Eurozone countries need to put more money in their rescue fund before G20 nations can step in to help them, the G20 finance ministers have said.
The G20 finance ministers have called on eurozone economies to boost the region's rescue fund
They said such a move was "essential" to their decision to provide more resources to the International Monetary Fund (IMF) to help the region.
Earlier this month, eurozone leaders set up a permanent bailout fund of 500bn euro ($673bn; £420bn).
There are concerns the fund may not be able to rescue a deeply indebted state.
"We have to see the colour of the eurozone's money first - and quite frankly, that hasn't happened," the British chancellor George Osborne said.
"Until it does, there's no question of extra IMF money from Britain or probably anyone else."
The German factorAny move to boost the eurozone rescue fund is likely to put more pressure on the leading eurozone economies, especially Germany.
The eurozone's biggest economy has so far resisted calls to increase the size of the bailout fund and sent mixed signals regarding whether it was prepared to change its stance.
On the eve of the G20 meeting, German finance minister Wolfgang Schauble wrote in an article published in the Mexican newspaper El Universal that he was against such a move.
"Should we increase even more the firewalls? The response is a resounding no," he wrote.
"This would not only not solve the problems of debt and competitiveness that brought the affected countries to their current state of affairs, it would also discourage their governments from carrying out consolidation and reform."
However, after the meeting, Mr Schauble said that eurozone leaders would look into the matter and take a decision as early as next month.
Meanwhile, Olli Rehn, European Commissioner for Economic and Monetary Affairs urged the region's leaders to solve the issue as soon as possible.
"One of the crucial lessons of this crisis has been that... the longer we wait the more costly it tends to get," he said.
'Weak growth'The eurozone debt crisis has seen growth slowing down in the region's economies.
Italy and the Netherlands both slipped into a recession in the last quarter of 2011. They saw their economies shrink by 0.7% during the three months to the end of December, the second consecutive quarter of economic contraction.
Germany had its first negative quarter since 2009 with a decline of 0.2% in the October to December quarter, compared with the previous three months.
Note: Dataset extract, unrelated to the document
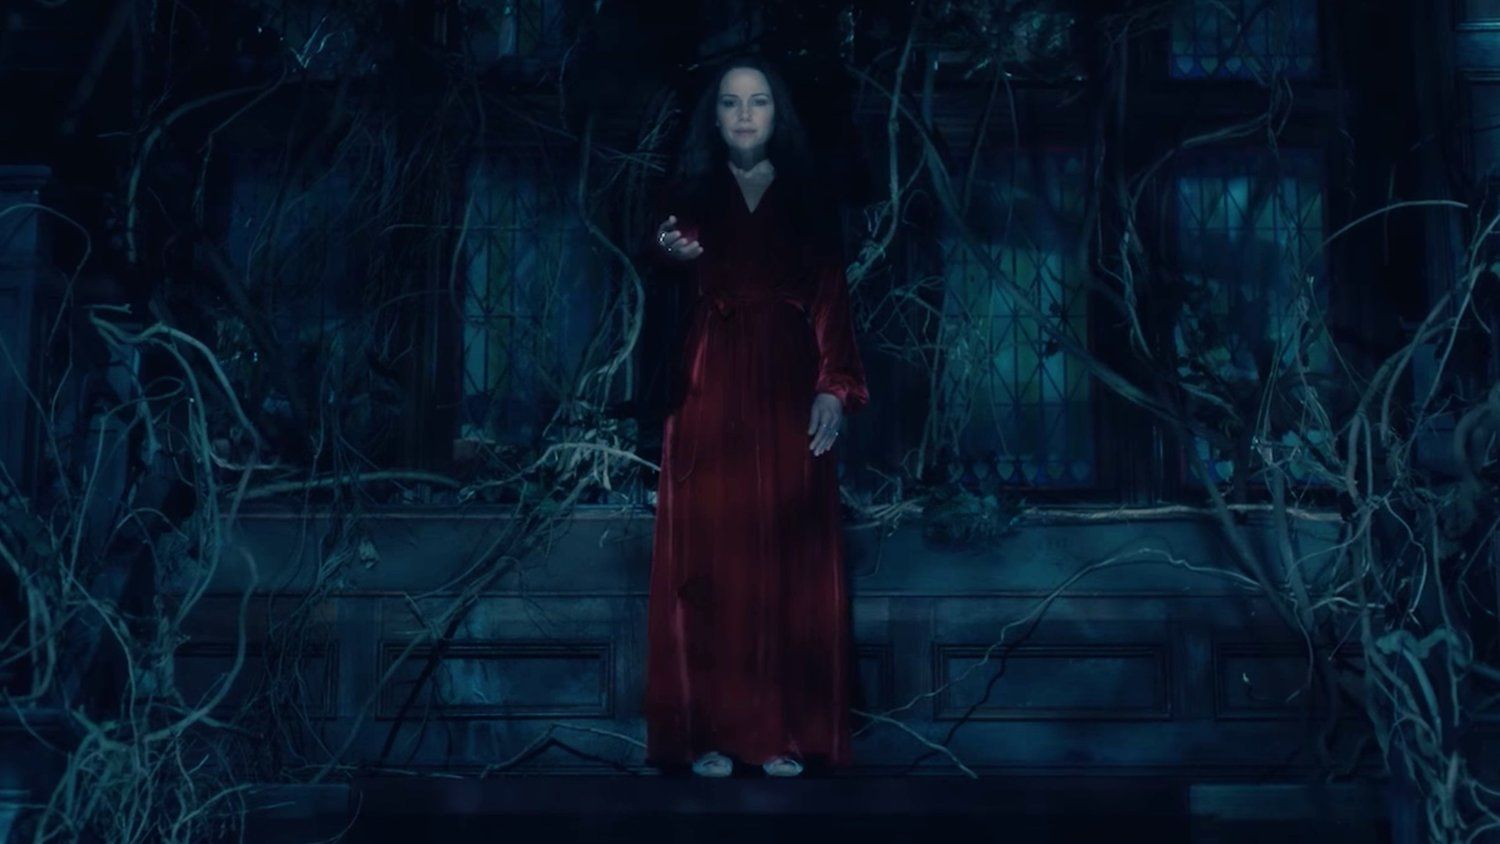 Awesomely Creepy Full For Netflix's New Horror Series THE HAUNTING OF HILL HOUSE

The fear is that if not controlled and solved in time, the region's debt crisis may start to hurt global economic growth.
The eurozone is a key market for Asia exports. As growth slows down in the region, consumer demand is likely to fall and hurt Asia's export-dependent economies.
The G20 finance ministers warned that risks to global economic growth continue to remain high.
"The international economic environment has continued to be characterized by an uneven performance, with weak growth in advanced economies and a stronger, albeit slowing, expansion in emerging markets," the ministers said in a joint statement issued after the meeting.